L’Afrique, terre de minerais
Le continent africain recèle des réserves considérables de minéraux essentiels à la transition énergétique. Il détient à lui seul 55 % des réserves mondiales de cobalt, indispensable à la fabrication des batteries et à la production de l’énergie éolienne, ainsi que 47,65 % du manganèse utilisé dans ces secteurs. Cependant, le continent n’a pas encore pleinement exploité les opportunités offertes par ses ressources naturelles.
Les estimations montrent que les pays africains ne génèrent qu’environ 40 % des revenus qu’ils pourraient potentiellement tirer de ces ressources. Selon une étude publiée par le centre de recherche TRENDS, le secteur minier africain souffre de graves lacunes : faiblesse des structures de gouvernance locale, obstacles politiques et manque d’investissements. Entre 2016 et 2020, ces problèmes ont entraîné un déficit notable en matière d’activités d’exploration.
En 2021, le budget consacré à l’exploration minière en Afrique n’a augmenté que de 12 %, avec une grande majorité des investissements concentrée sur l’or. En 2022, cependant, on note une légère augmentation dans l’exploration du cuivre, devenu le métal le plus extrait du continent. « La valeur ajoutée issue des minerais essentiels en Afrique pourrait transformer le continent en un pôle compétitif pour l’industrialisation verte, accélérer le déploiement des énergies renouvelables et l’électrification des systèmes de transport », a déclaré Antonio Pedro, secrétaire exécutif adjoint de la Commission économique des Nations-Unies pour l’Afrique.
Stratégie pour le secteur minier
Outre leur utilisation dans l’industrialisation, ces métaux offrent un potentiel de revenus significatifs sur le marché mondial. En 2023, la taille de ce marché est passée à 8 100 milliards de dollars contre 7 500 milliards de dollars en 2022, avec un Taux de Croissance Annuel Composé (TCAC) de 7,8 %. « L’industrie minière a contribué à hauteur de 20,8 milliards de dollars au PIB de l’Afrique du Sud, soit environ 5,6 % de son PIB. En 2018, elle a également créé 450 000 emplois directs », souligne le rapport de TRENDS.
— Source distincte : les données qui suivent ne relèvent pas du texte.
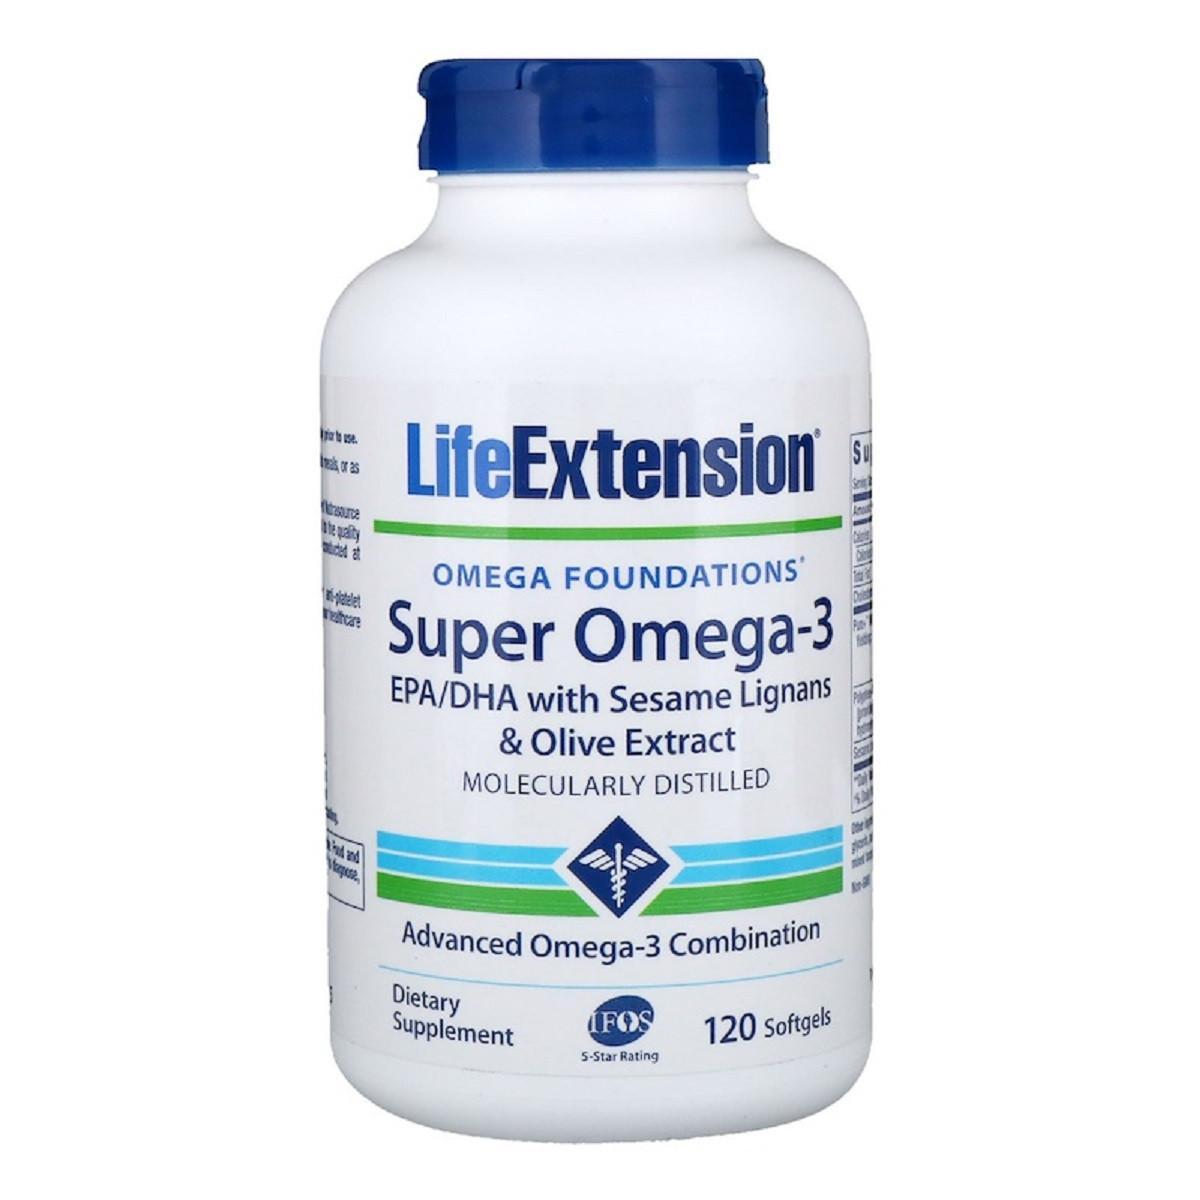 Супер Омега-3 Omega Foundations Super Omega-3 Life Extension 120 Желатинових Капсул

Cependant, l’absence d’une stratégie africaine globale entrave la valorisation de ces richesses. La Conférence africaine sur le développement des ressources minérales (CAMERD), tenue au Caire, a exploré diverses pistes pour améliorer la valeur ajoutée afin que le continent puisse bénéficier de ses ressources minérales au-delà de leur simple exportation sous forme brute. « Il est impératif d’élaborer une stratégie visant à capitaliser sur les ressources naturelles des pays africains pour créer de nouvelles activités à forte valeur ajoutée via des partenariats stratégiques », souligne Ayman Al-Ashry, président de la Chambre de commerce du Caire. Un avis partagé par Monique Nsanzabaganwa, vice-présidente de la Commission de l’Union africaine, qui insiste sur l’importance d’une approche stratégique pour positionner le continent comme un nouveau pôle de croissance mondiale.
Aujourd’hui, l’Afrique ne contribue qu’à 1,6 % de la valeur ajoutée manufacturière mondiale. En 2015, 71 % de cette valeur provenait de l’exportation de matières premières sous leur forme brute, freinant ainsi tout processus de développement industriel. Par conséquent, 95 % des Africains vivent dans des pays où la Valeur Ajoutée Manufacturière (VAM) est inférieure à 100 dollars par habitant. Pour inverser cette tendance, la conférence a proposé de « tracer les grandes lignes d’une feuille de route visant à stimuler l’intégration des chaînes de valeur régionales, tout en augmentant les investissements dans les infrastructures, les compétences et l’innovation pour soutenir l’industrialisation basée sur les minéraux en Afrique et promouvoir l’action climatique », conclut Ayman Al-Ashry.